Kieran Culkin Steps Out of Brother's Shadow

Sept. 19, 2002 -- Kieran Culkin won't be called Macaulay's little brother for too much longer.

With Igby Goes Down opening nationally this week, the younger Culkin is poised to step into the spotlight. Some critics, including ABCNEWS' Joel Siegel, are already hailing the movie as the next great coming-of-age film.

Culkin plays Igby Slocumb, a 17-year-old rich kid who bounces from one private school to the next. His mom is a controlling, pill-popping tyrant. His earliest trauma is watching the meltdown that led to his father being committed.

Igby is carted off to a different sort of institution — a military academy — where fellow cadets cast him as an oddball and pummel him in the latrine with broomsticks, chanting "Igby goes down."

That's when Igby decides his only hope for survival is to run away, and suddenly he becomes an updated version of Holden Caulfield in J.D. Salinger's The Catcher in the Rye.

"Igby got to see how the world around his father kind of crushed him, at least through his eyes, and that's what's going to happen to him if he stays with his family," says Culkin.

The Secret Lives of Lost Toys

Soon he is hiding out in downtown Manhattan with his godfather's mistress and her grungy bohemian pal. "She's a dancer who doesn't dance, and her best friend is a painter who doesn't paint," says Igby. "It's like a boho version of Island of the Lost Toys."

Culkin's best moments are when Igby's dripping with contempt for his castrating mother, whom he refuses to call "mom."

Weighing several nicknames that seem apropos, Igby says, ""Heinous One' was a bit cumbersome, and 'Medea' was already taken."

"It's so twisted and it's so original," says Susan Sarandon, who plays authoritarian mom Mim Slocumb.

"If the kid in the end had succumbed and become a basket case, I wouldn't have been interested," she says. "I guess it's a little like American Beautiy in that the kids know so much more than the adults."

Kieran Defends Culkin Clan

Culkin, who turns 20 later this month, is quick to shoot down any comparison between his family and Igby's, though that might be inevitable.

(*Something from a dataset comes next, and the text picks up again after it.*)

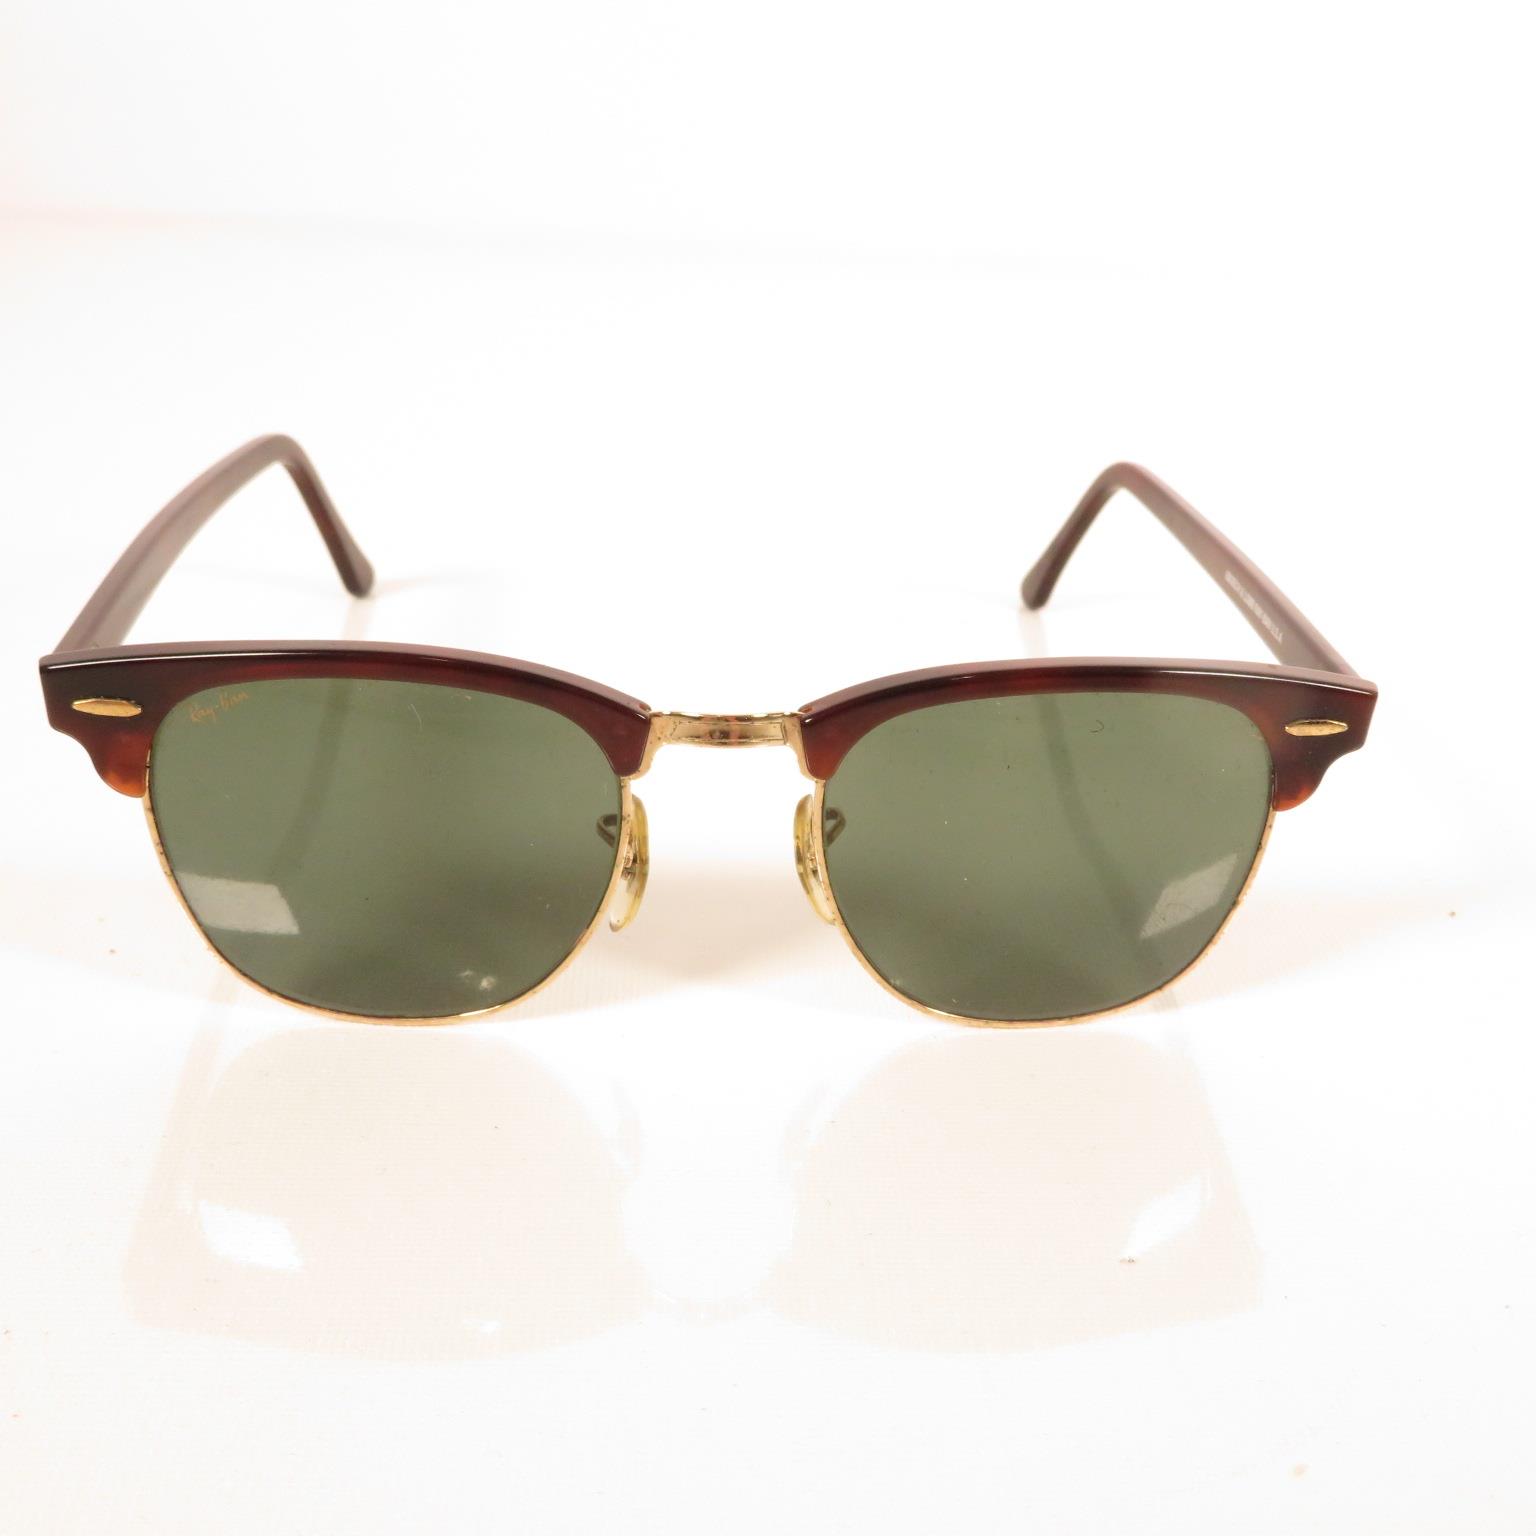 5x pairs Ray Ban sunglasses - - Image 11 of 23

Brother Macaulay's adorable scream in 1990's Home Alone transformed him into the most powerful child star since Shirley Temple. At his height, Macaulay was earning $8 million a picture, more than Richard Gere, but he went on to star in a string of flops, and seemingly morphed from a cute kid to a surly teen.

In 1995, his parents, who were never married, separated and started a contentious legal battle over the custody of their kids and Macaulay's fortune — once estimated at more than $50 million.

"I don't even get an allowance," Macaulay told reporters during that period. He reportedly scrawled graffiti in his father's New York apartment and described Michael Jackson's Neverland ranch as "the only place on earth where I feel absolutely, 100 percent comfortable." At the age of 18, Macaulay left home, marrying actress Rachel Miner. They split two years later.

But Macaulay, now 22, is mounting a bit of comeback, having received good reviews for his work on a British stage production of Madame Melville. He'll appear in Party Monster, his first starring role since the 1994 bomb Richie Rich.

Kieran's career has been slower to develop. After a bit part in Home Alone, he appeared in Father of the Bride in 1991 as Steve Martin's son, and went on to bigger roles in The Mighty and The Cider House Rules. Earlier this year, he appeared in The Dangerous Lives of Altar Boys.

The other Culkin children — Rory, Quinn, Christian, Shane and Dakota — have also had a go in show business, to a lesser extent. Rory appears as a young Igby in the new film.

Now, there seems to be peace in the Culkin clan. "We're very close and a lot of us are similar," Kieran told The Associated Press.

"There's a lot of love in my family."